StarVLA: Build Modular VLA Models

If you've been following Embodied AI research, you've likely noticed a frustrating pattern: every new Vision-Language-Action (VLA) paper comes with its own codebase, its own data format, its own evaluation protocol. Want to fairly compare two methods? Prepare to spend weeks just setting up environments. StarVLA was built to solve exactly this problem — a modular "Lego-like" framework that lets you swap backbones and action heads like building blocks, all sharing the same trainer, dataloader, and deployment stack.

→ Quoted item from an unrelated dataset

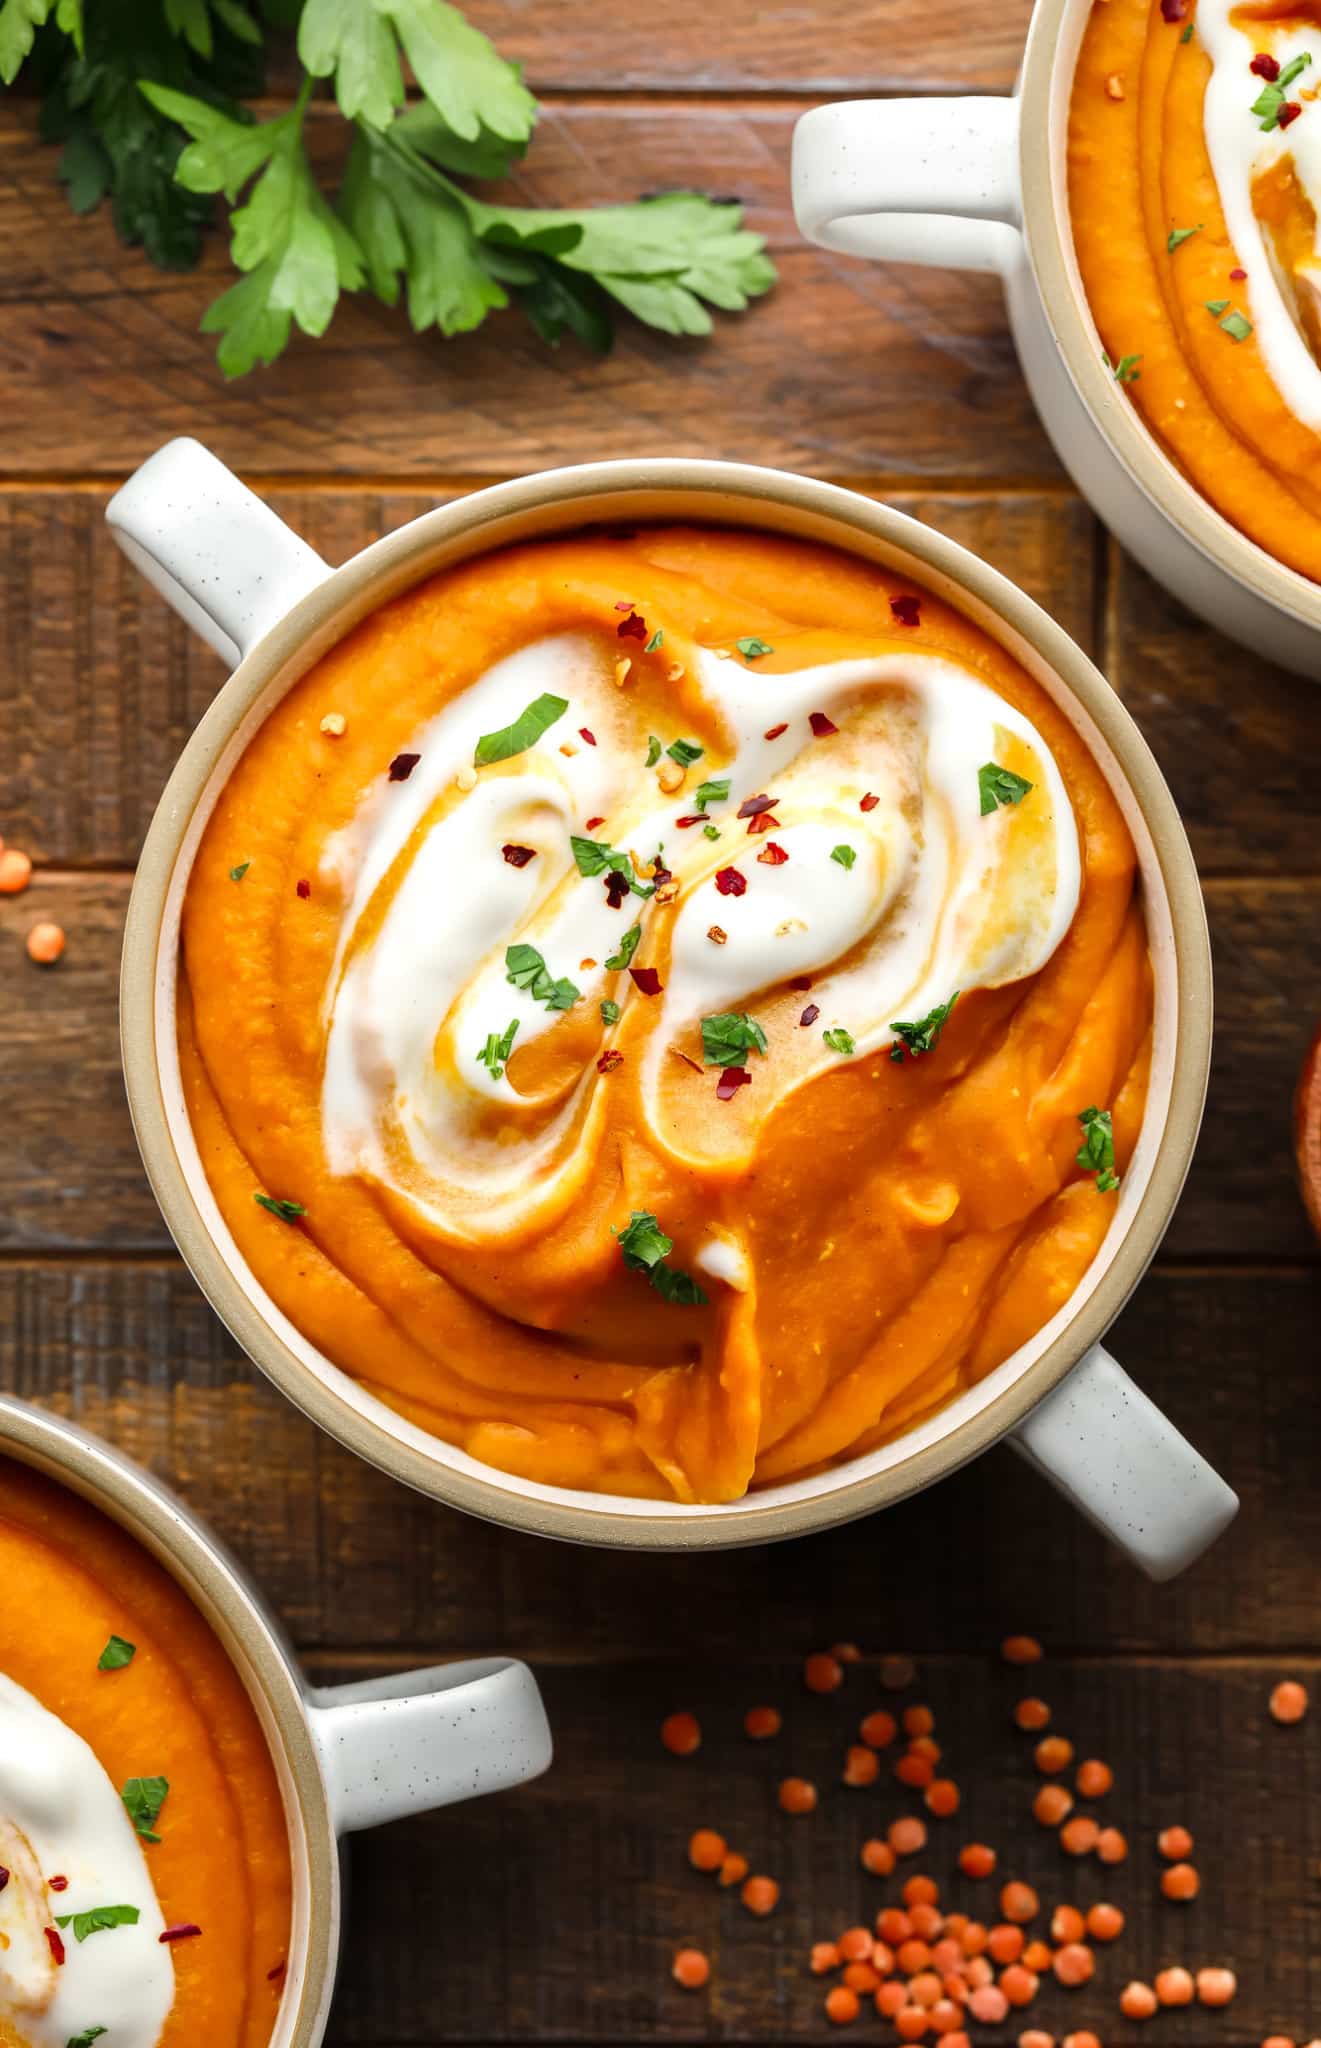 Karotten-Linsen-Suppe garniert mit veganem Joghurt und grünen Kräutern in einer weißen Suppenschüssel.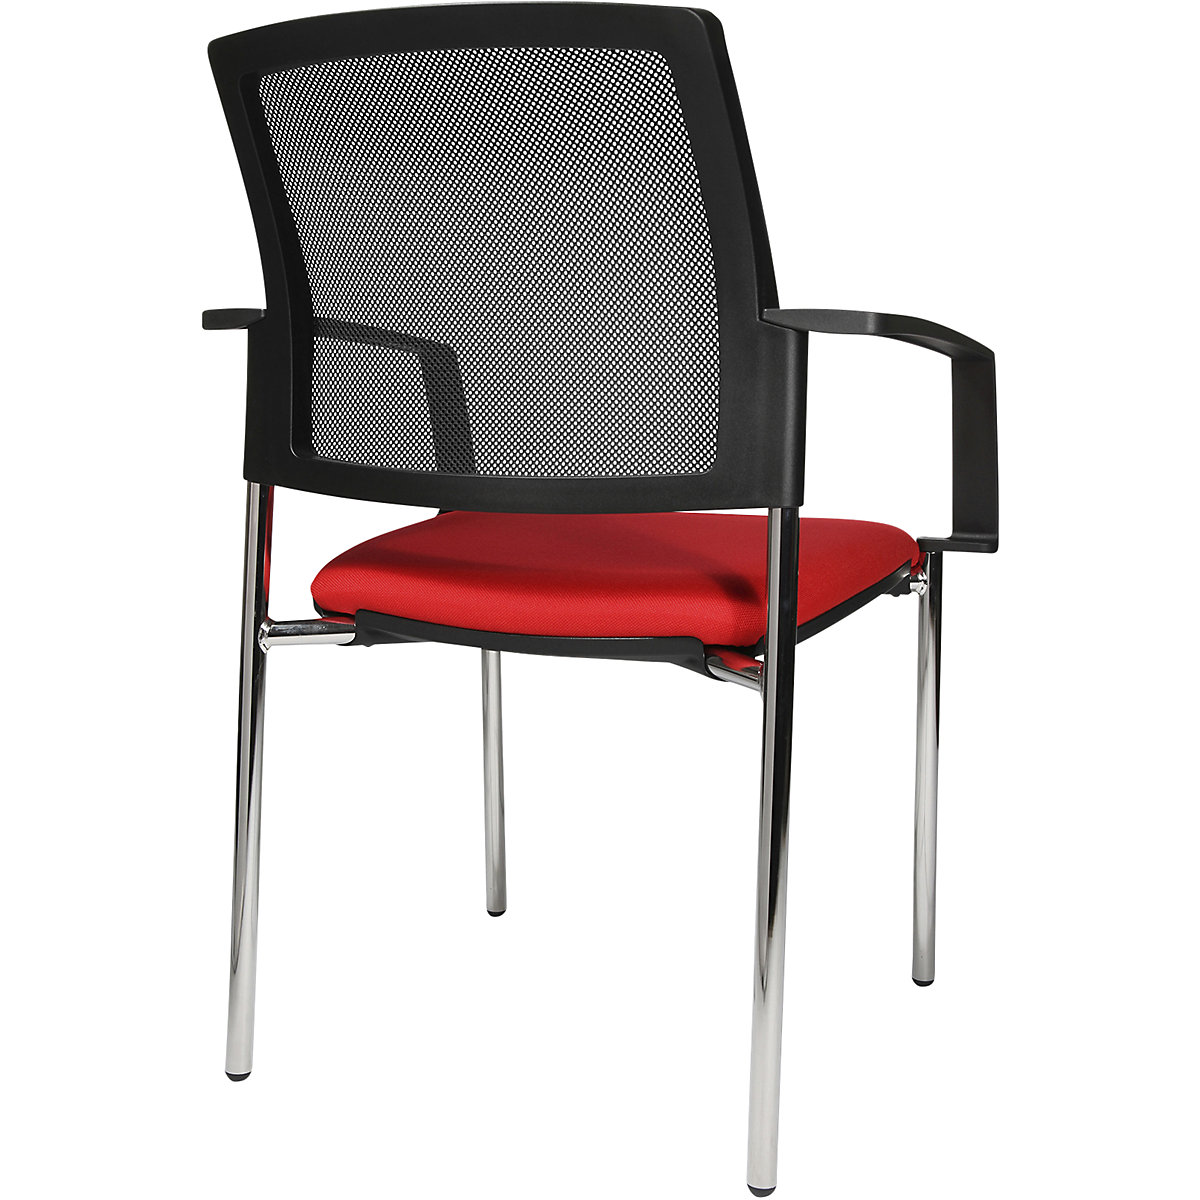 Složiva stolica s mrežastim naslonom – Topstar (Prikaz proizvoda 7)

Presented at ICLR 2026, the project has already garnered over 1,500 GitHub stars within weeks of release. In this tutorial, we'll walk through everything from architecture understanding to installation, training, and inference with StarVLA.

Why StarVLA?

Before StarVLA, experimenting with VLA models meant dealing with:

Fragmentation: OpenVLA, Octo, RT-2, π₀ — each with its own repo, training pipeline, and evaluation setup.
Unfair comparisons: Different data pipelines, different preprocessing → results aren't comparable.
Wasted time: Want to try a new action head on an existing backbone? Rewrite everything from scratch.

StarVLA solves this by cleanly separating the backbone (the "see and understand language" part) from the action head (the "decide what to do" part). If you're new to VLA concepts, check out our VLA Models overview first. These two components can be swapped independently — like changing a camera lens without replacing the camera body.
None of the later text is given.